Teaching Athletes How to Cope with Pressure Starts with This Mental Skill

Teaching Athletes How to Cope with Pressure Starts with This Mental Skill

Yesterday I was moved to write about former professional football player Marcus Smith and the story of his attempted suicide. The point parents must take away from stories like Smith’s is how critical it is to teach athletes mental skills. Today the mental skill I want to focus on deals with teaching athletes how to cope with pressure.

Pressure in sports can come from anywhere and for any reason. It’s a feeling one can trigger as the result of something minor and avoid when something major happens. There is no rhyme or reason to it, as each individual athlete is different. However, the way you deal with pressure is basically the same.

The mental skill I suggest you start with to teach athletes how to cope with pressure regardless of the situation is reframing. Reframing is a mental skill that helps athletes change their perception of a situation. When an athlete changes their perception of a situation, they can change their emotions. Correspondingly, the ultimate goal of reframing is to eliminate emotions that have a negative impact.

How to use Reframing to Cope with Pressure

One famous example of using reframing to cope with pressure comes from Billie Jean King.  King is one of the best tennis players in history, and she is in the National Women’s Hall of Fame. Her primary competitive years were in the 1960s and 70s where she won 12 Grand Slam titles. Needless to say, King was very good at coping with pressure. In her 2008 book King explains to readers exactly how she did it using reframing. She states:

Pressure is a privilege—it only comes to those who earn it.

So, instead of viewing pressure through the lens of negativity, King views pressure using a more neutral point of view. Pressure is something that one earns, and therefore it is something to wear like a badge of honor. An athlete with this view of pressure will have far more helpful emotions than emotions that will hurt.

5 Ways to Help Athletes Use Reframing to Cope with Pressure

This simple process of reframing pressure from a negative into something one can be proud of as King does did wonders for her but won’t necessarily work for other athletes. Reframing must be put in context with an athlete’s current state of thinking. An athlete can view pressure as a privilege and still be in a state of panic because they think they are in a must win situation for example. Moreover, reframing is not something most athletes can do alone using one simple quote.
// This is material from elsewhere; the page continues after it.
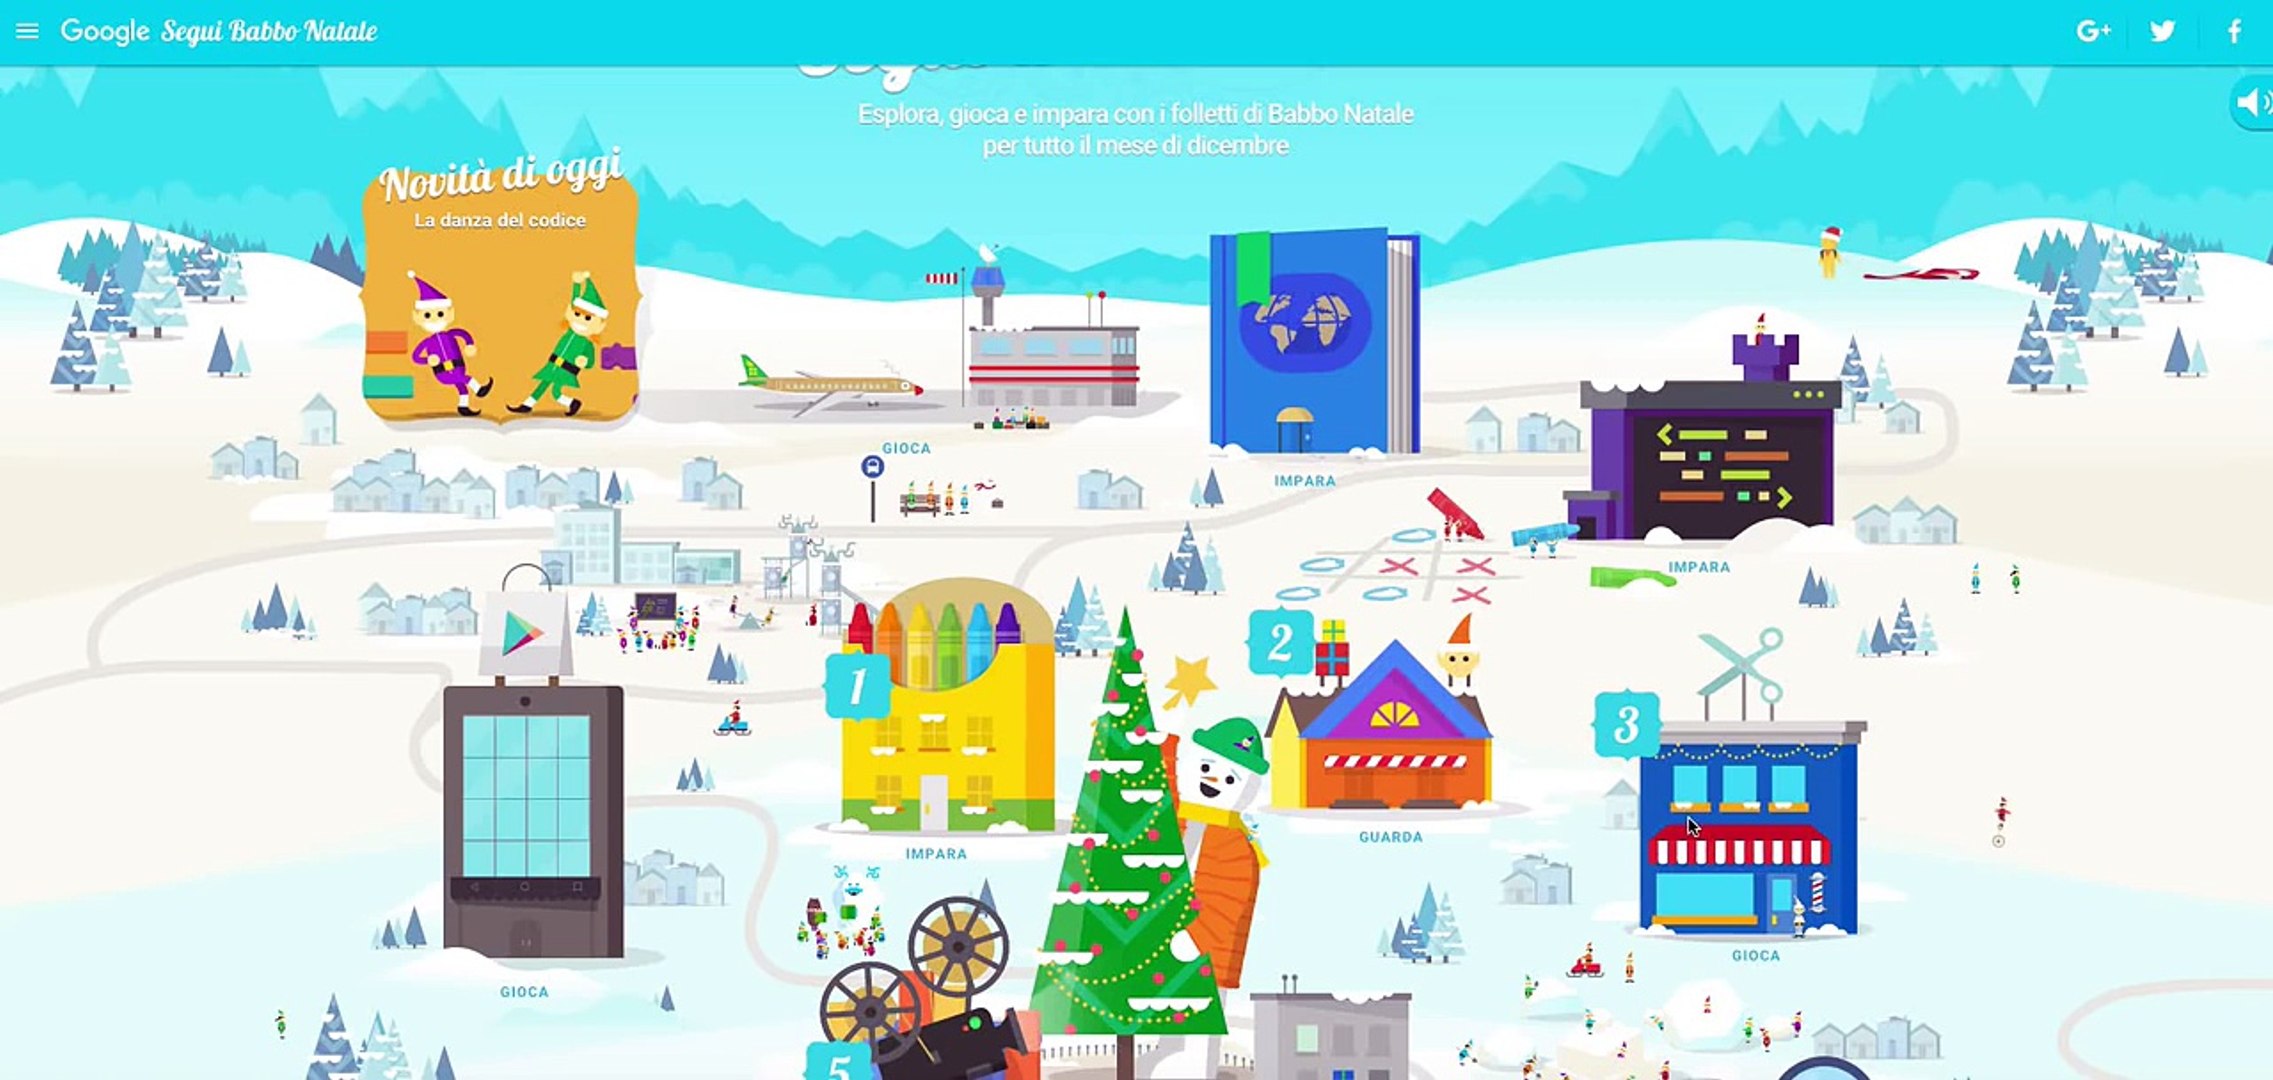 Babbo Natale Google.Google Santa Tracker New Day 3 Santa Selfie Selfie Con Babbo Natale Hd Online Game Video Dailymotion

Athletes often trap themselves in thought loops and keep replaying the same thoughts over and over. Consequently, it’s important for parents and coaches to teach athletes to communicate with someone they trust when having negative thoughts. This outside person typically provides the catalyst to break a negative thought loop and reframe it with something more neutral. If you happen to be this person an athlete trust, I suggest you consider these five ways to reframe:

  1. Goals from an outcome focus to a process focus.
  2. Urgency from a short term mindset into a long term mindset.
  3. Comparisons from an ego focus to a tasks focus.
  4. Progress from focusing on the end state to focusing on a progression.
  5. Growth from fixing weaknesses to building strengths.